- Dataset entries -
────

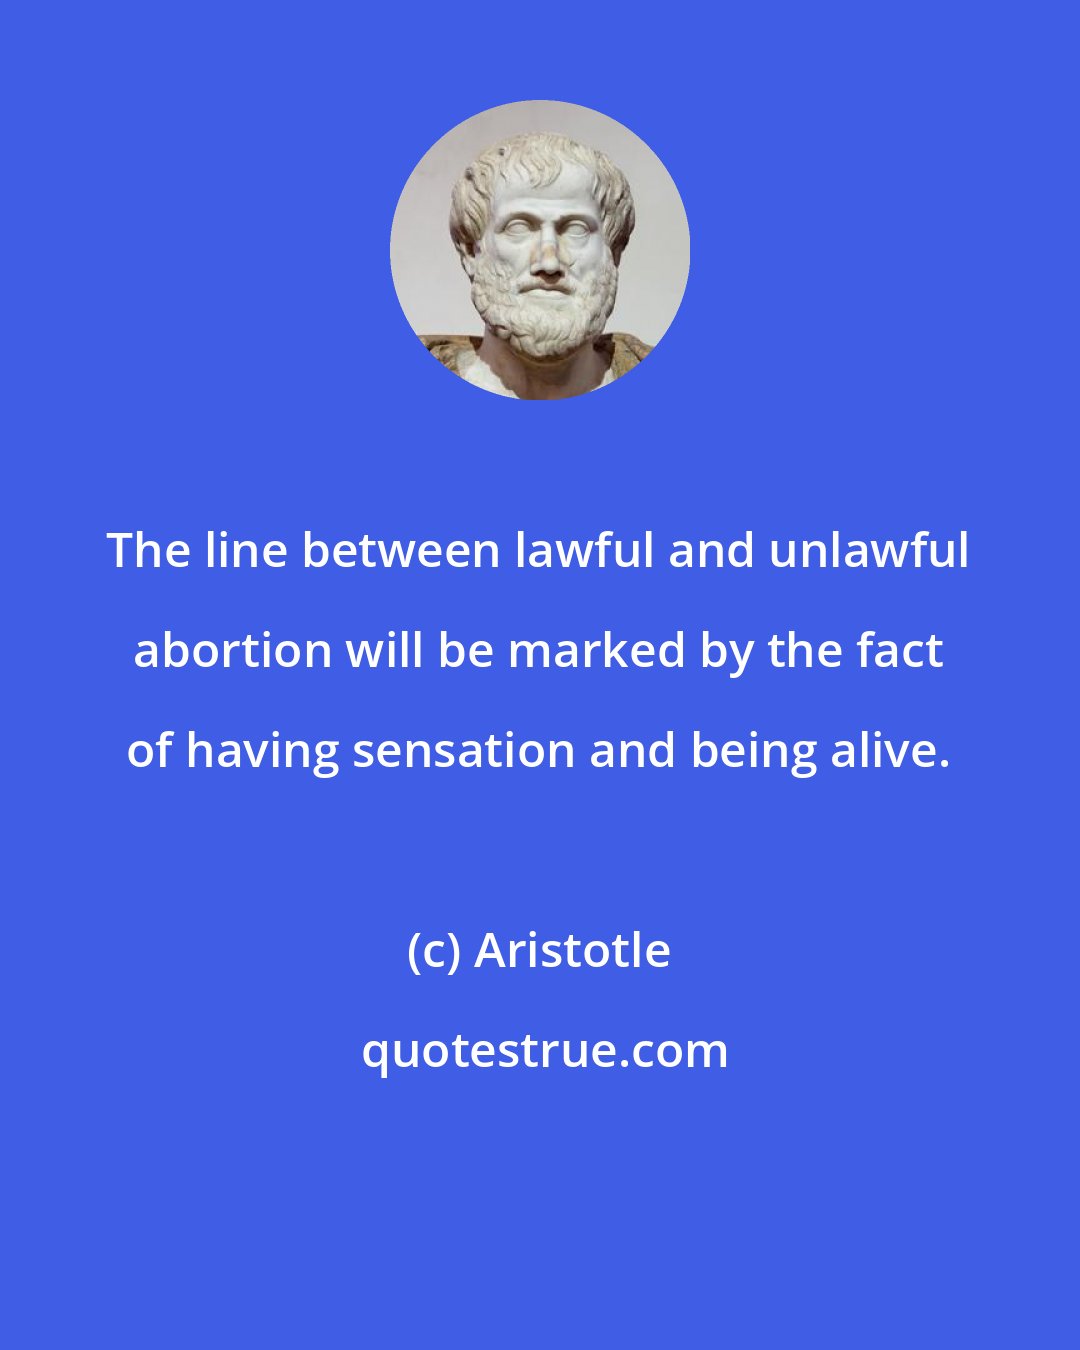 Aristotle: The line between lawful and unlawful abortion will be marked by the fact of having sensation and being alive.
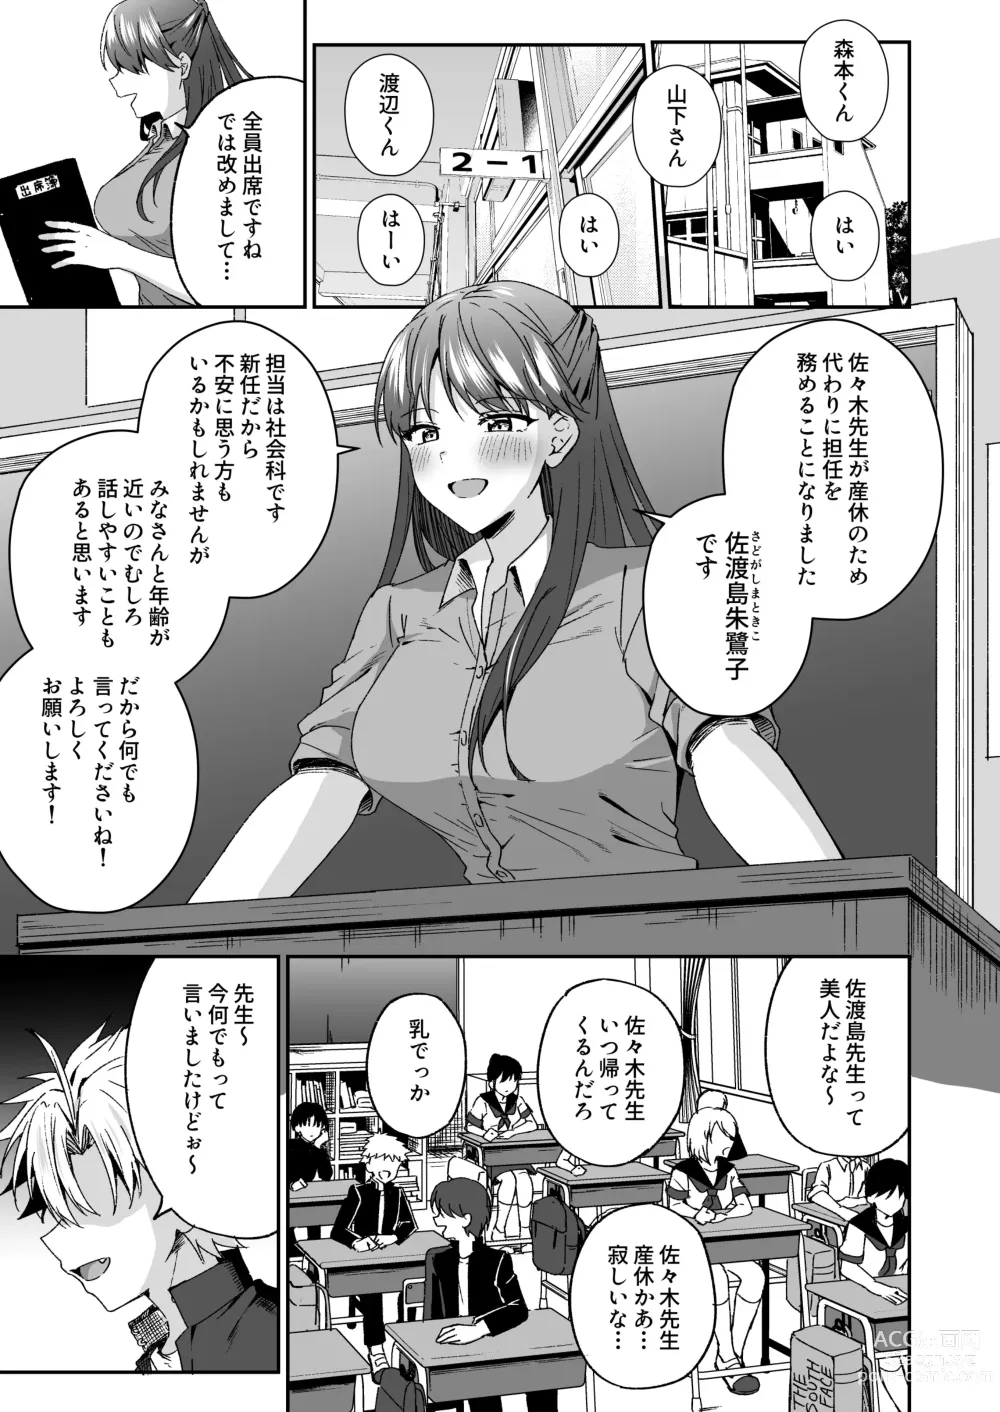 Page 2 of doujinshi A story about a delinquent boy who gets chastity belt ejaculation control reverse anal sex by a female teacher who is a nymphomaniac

────

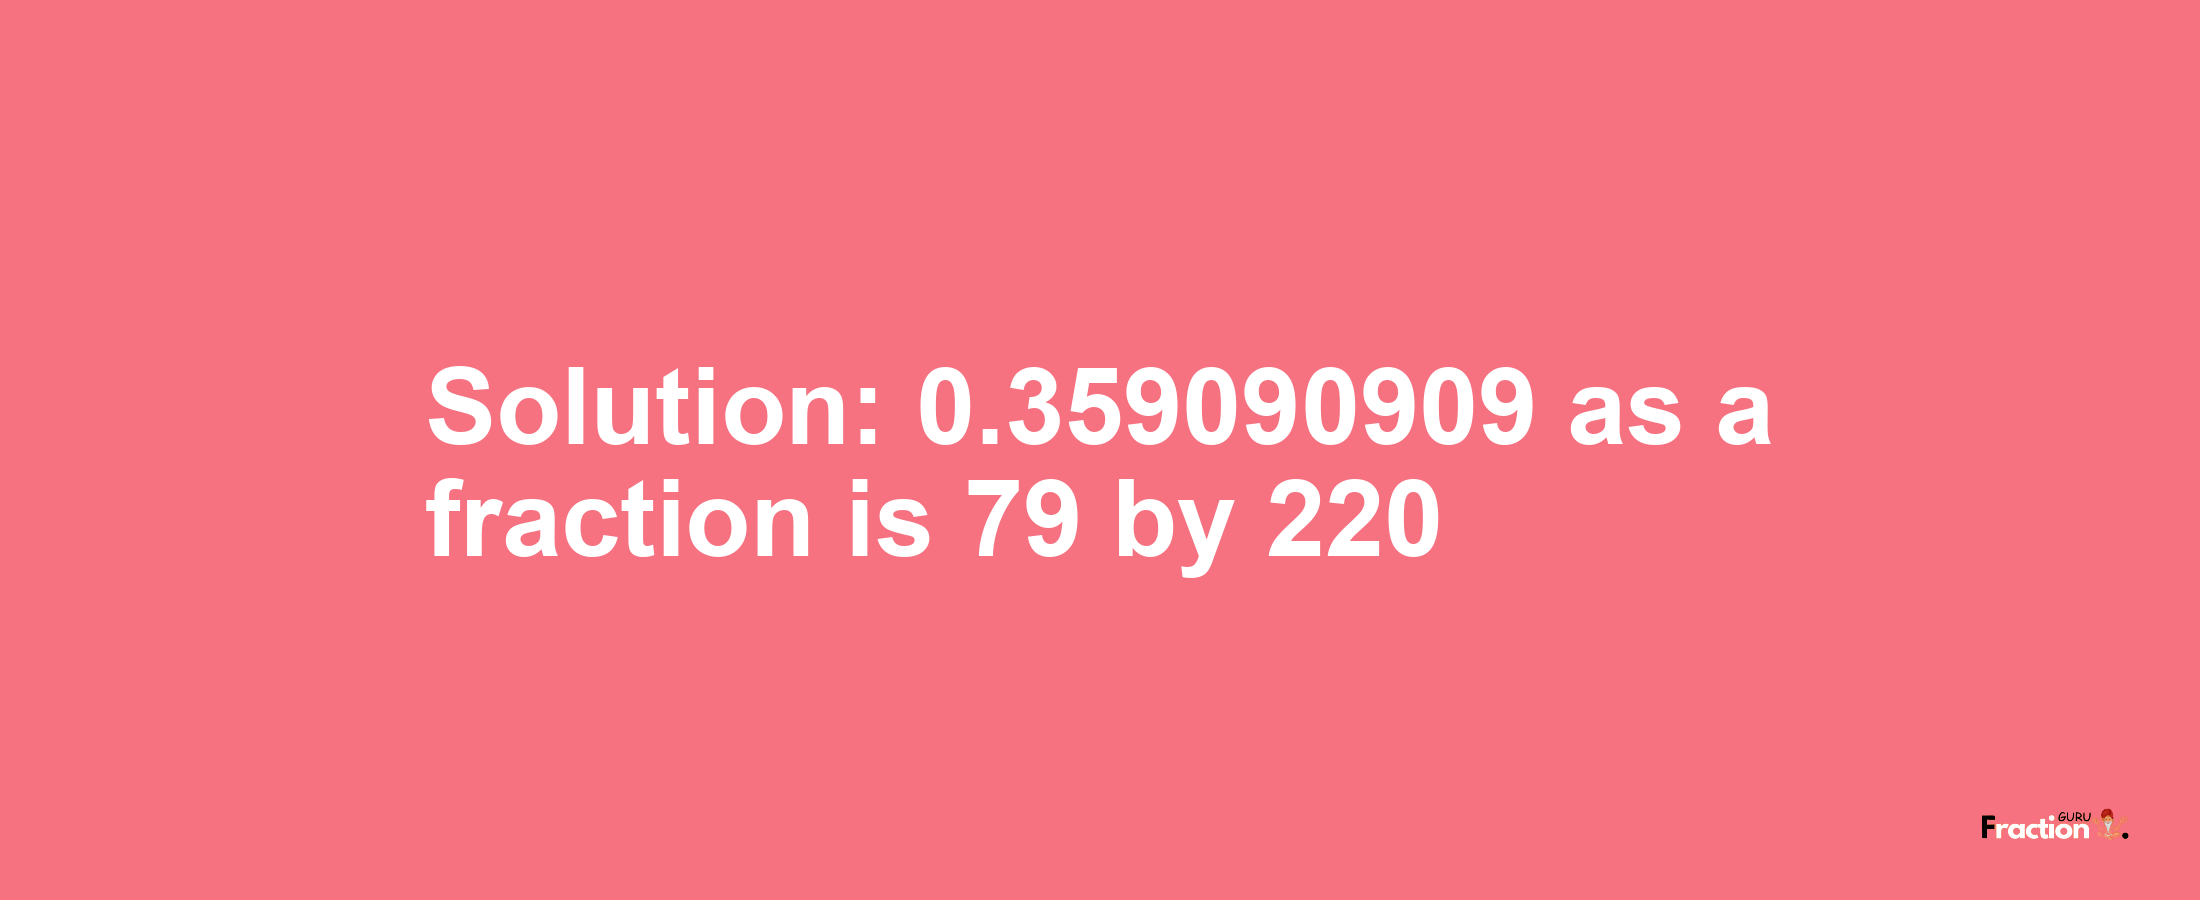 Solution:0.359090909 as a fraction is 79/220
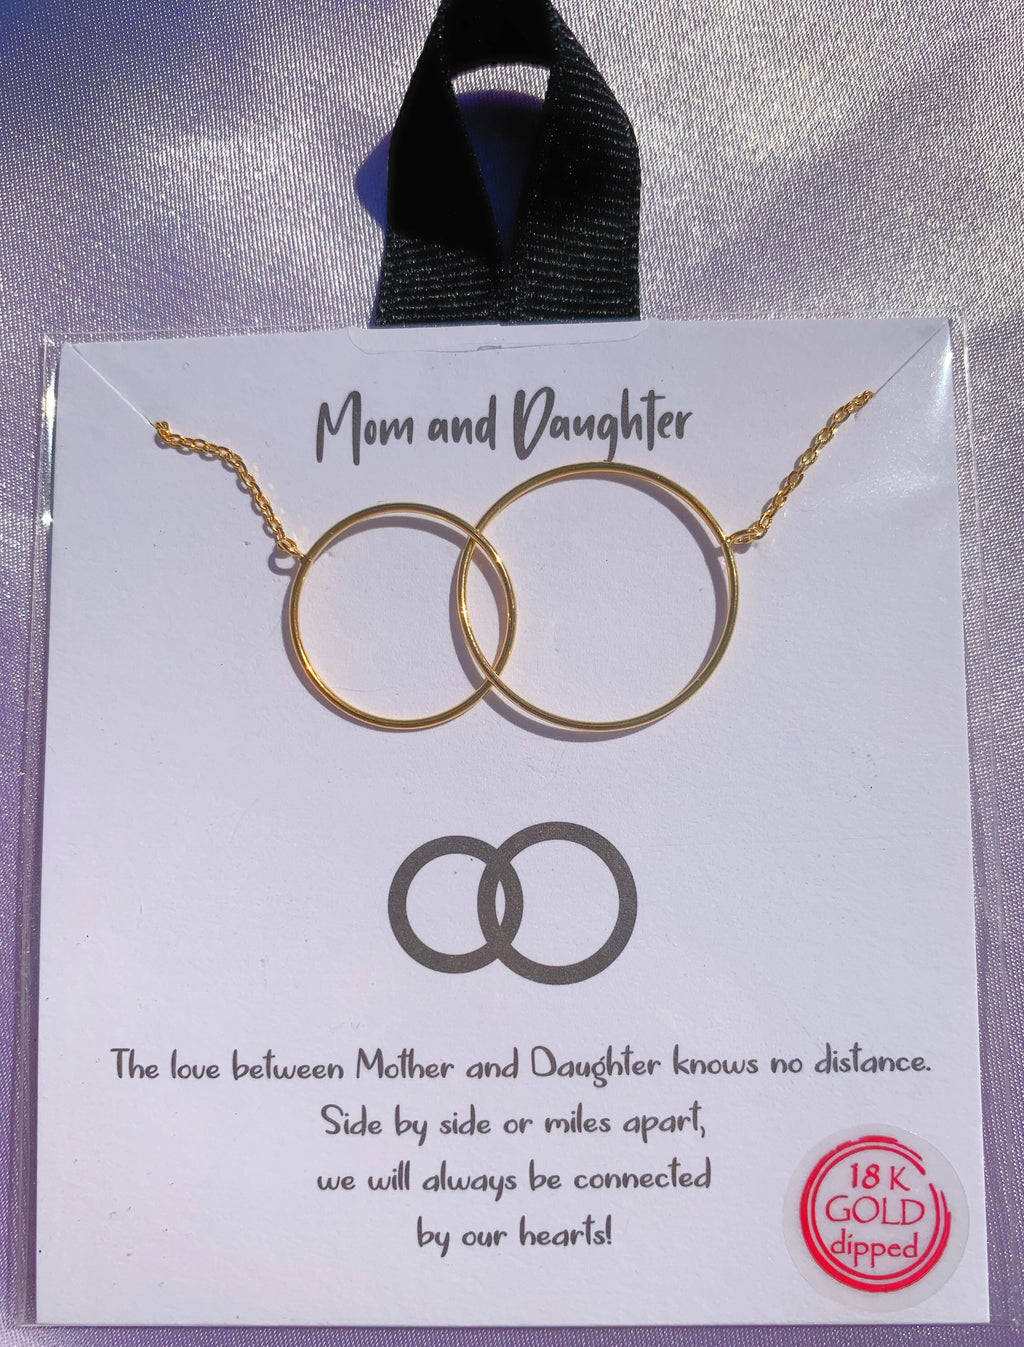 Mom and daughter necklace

────

- Required work -
Reproduce, word for word, only the lines in the records above from the line with "Aristotle: The line" through the line with "Page 2 of doujinshi", including both ends; omit the pictures.

- Response box -
 Aristotle: The line between lawful and unlawful abortion will be marked by the fact of having sensation and being alive.
 Page 2 of doujinshi A story about a delinquent boy who gets chastity belt ejaculation control reverse anal sex by a female teacher who is a nymphomaniac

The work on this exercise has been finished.